Azima shrugged. “Pretty much.” She barked out a laugh, but there was no joy in it. “I was stupid enough to speak to the imam at our mosque about it. I had hoped that he could calm Abbas down, or at least direct his anger in the right direction.”
I frowned. “You never used to go to the mosque. You were actually quite the little atheist, if I recall.”
“More like agnostic. But that was back when I could spend my Fridays at your house. After you left . . .” she shivered. It might have been the cool night breeze, but I doubted it. “Things changed.”
“Anyway, I had been to the hospital a few times for,” I could tell she was trying to choose her words carefully, “other injuries. I was not the only woman there in my situation, either. The doctors were very careful to ensure that I was taken care of without asking any questions that could be seen as,” she paused, “indelicate.”
“They saw you come in with cuts and bruises time after time and didn’t say anything about it?”
She sighed. “You have to understand that the culture here is different than the one you are used to. You’ve been in America for so long, and you would never have been exposed to this
sort of thing as a child.” A ghost of a smile formed on her lips. “Not with the family that you had.”
“But that doesn’t make it right,” I argued.
“No. I guess it doesn’t. But this time was different. There was a doctor visiting from Lyon, Doctor Gasset. I don’t know why she was there, exactly, but she looked at my charts and immediately figured out what was happening. But she wanted to hear it from me, so she began talking to me.”
I snorted. “That must have been a shock, going from totally ignoring you to coming right to your face with it in nothing flat.”
“Actually, she only brought up the topic of abuse gradually.
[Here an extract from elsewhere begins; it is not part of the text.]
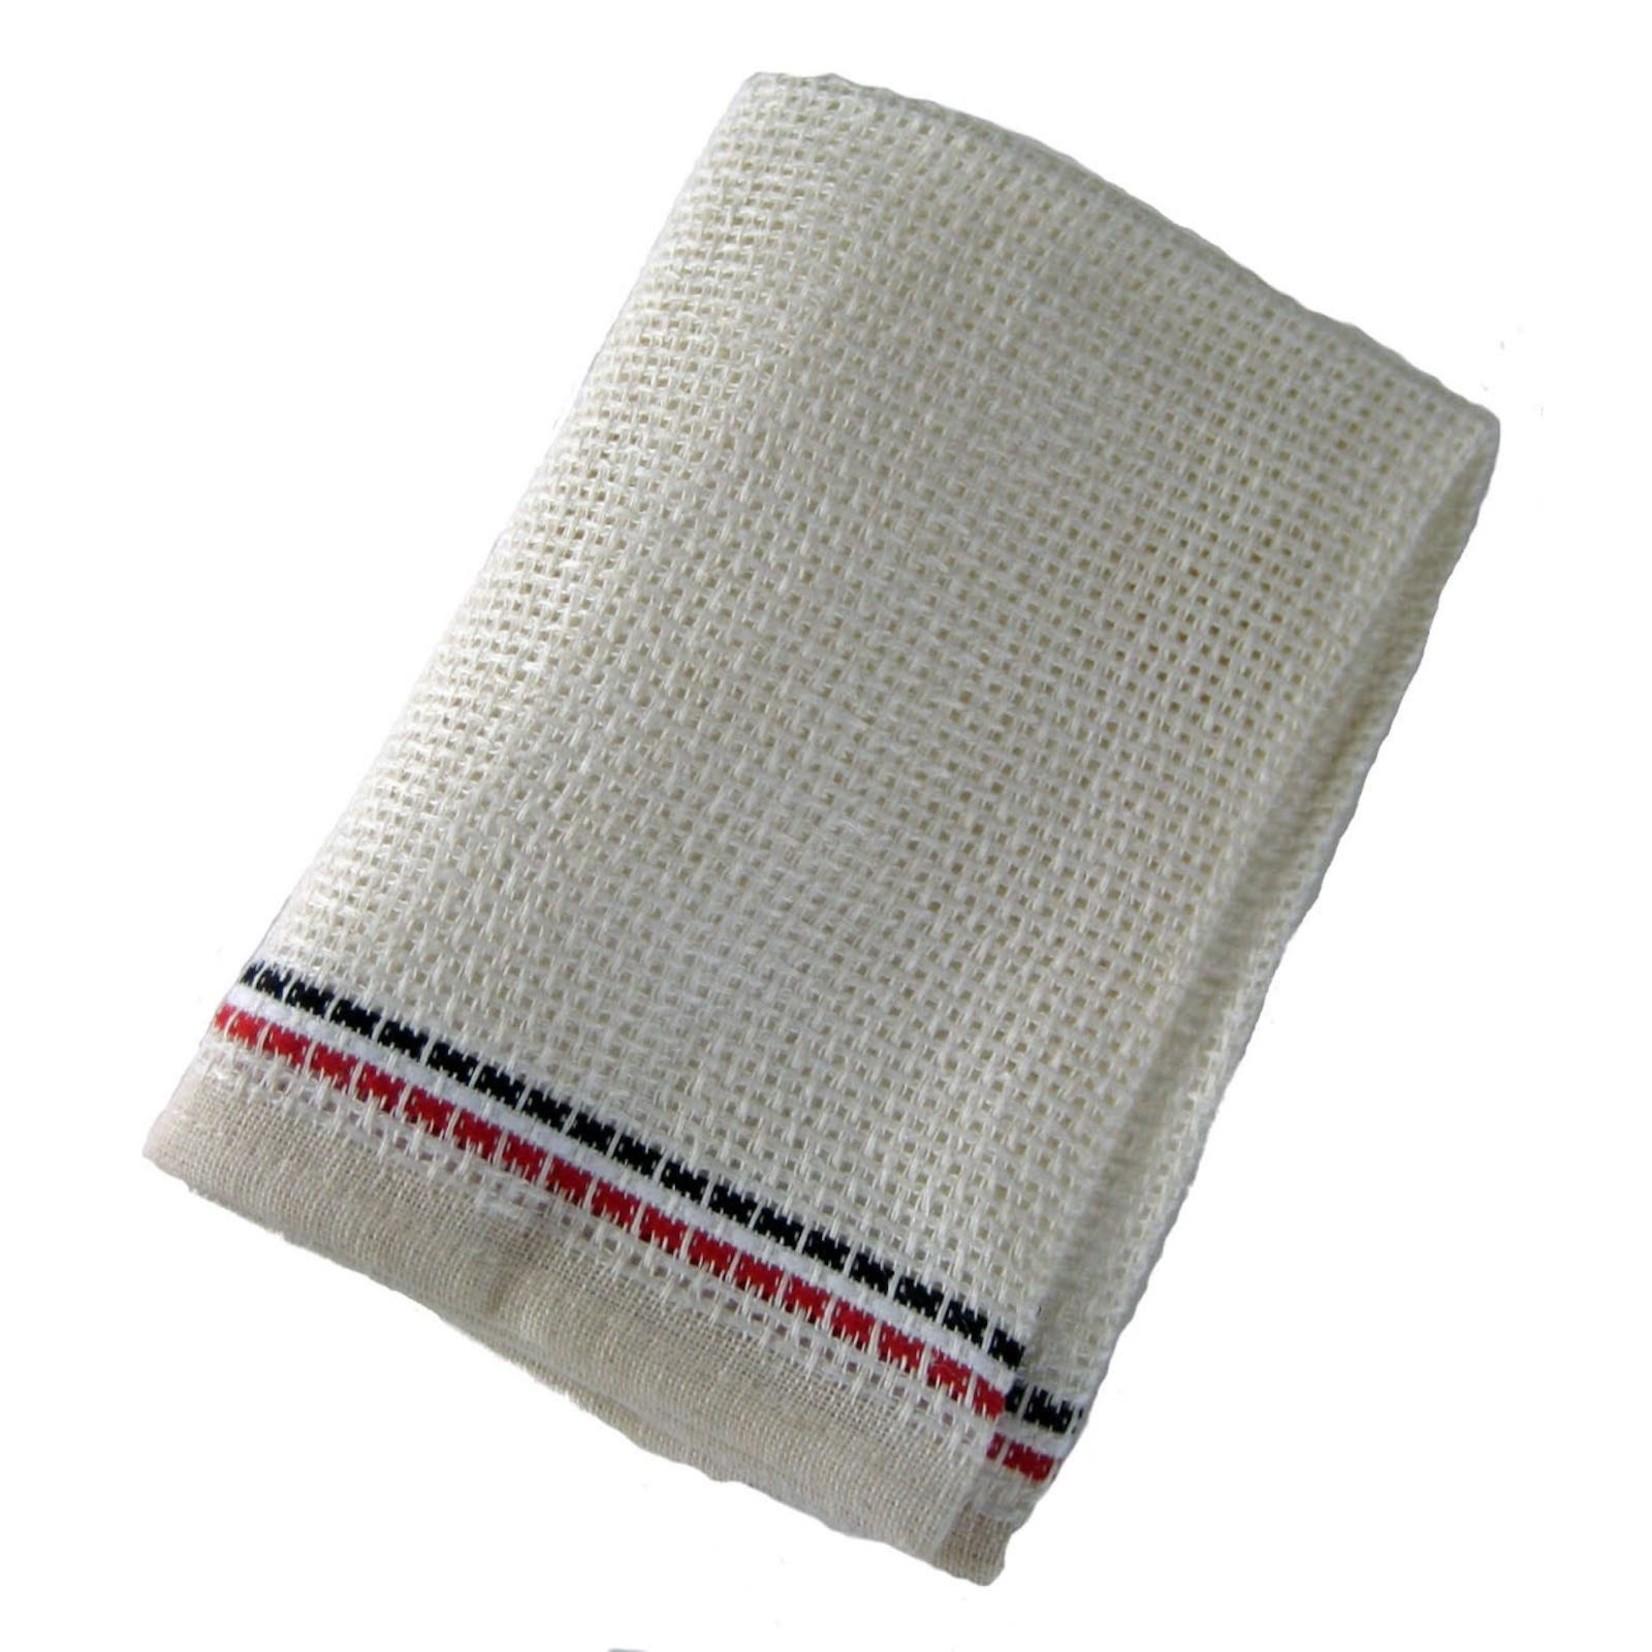 Classic Linen Dishcloth

I stayed in the hospital for a few days, and every day she would come by my room to talk with me. Doctor Gasset wanted to show that I could trust her, and I reached out to her.” Azima sighed. “It felt nice. I had been so utterly alone before I met her, and I had not realized how much bitterness that I held in my heart.
“When the time came for me to return home, I found myself filled with dread. After the respite in the hospital and my conversations with Doctor Gasset, I did not want to go back to Abbas. I mentioned it to the doctor, hoping that she would come up with some excuse for me to stay another day or two. But she wisely pointed out that no matter how long I delayed it, eventually I would have to face my husband. Doctor Gasset told me that she could not take care of me forever, but that she knew someone who could. That is when she told me the story of Jesus and his sacrifice.”
My eyebrows shot up. “Wow. She sounds like a brave woman to openly talk about the Gospel in a Muslim country like that. What made you decide to become a Christian?”
Azima blushed. “You did. I knew that your family was Christian, although as a child I had no real idea what that meant. My whole life I had been raised by a Muslim parent, taught in a Muslim school, and married to a devout Muslim man. But I never felt anything real in Islam, nothing that drove me to be better.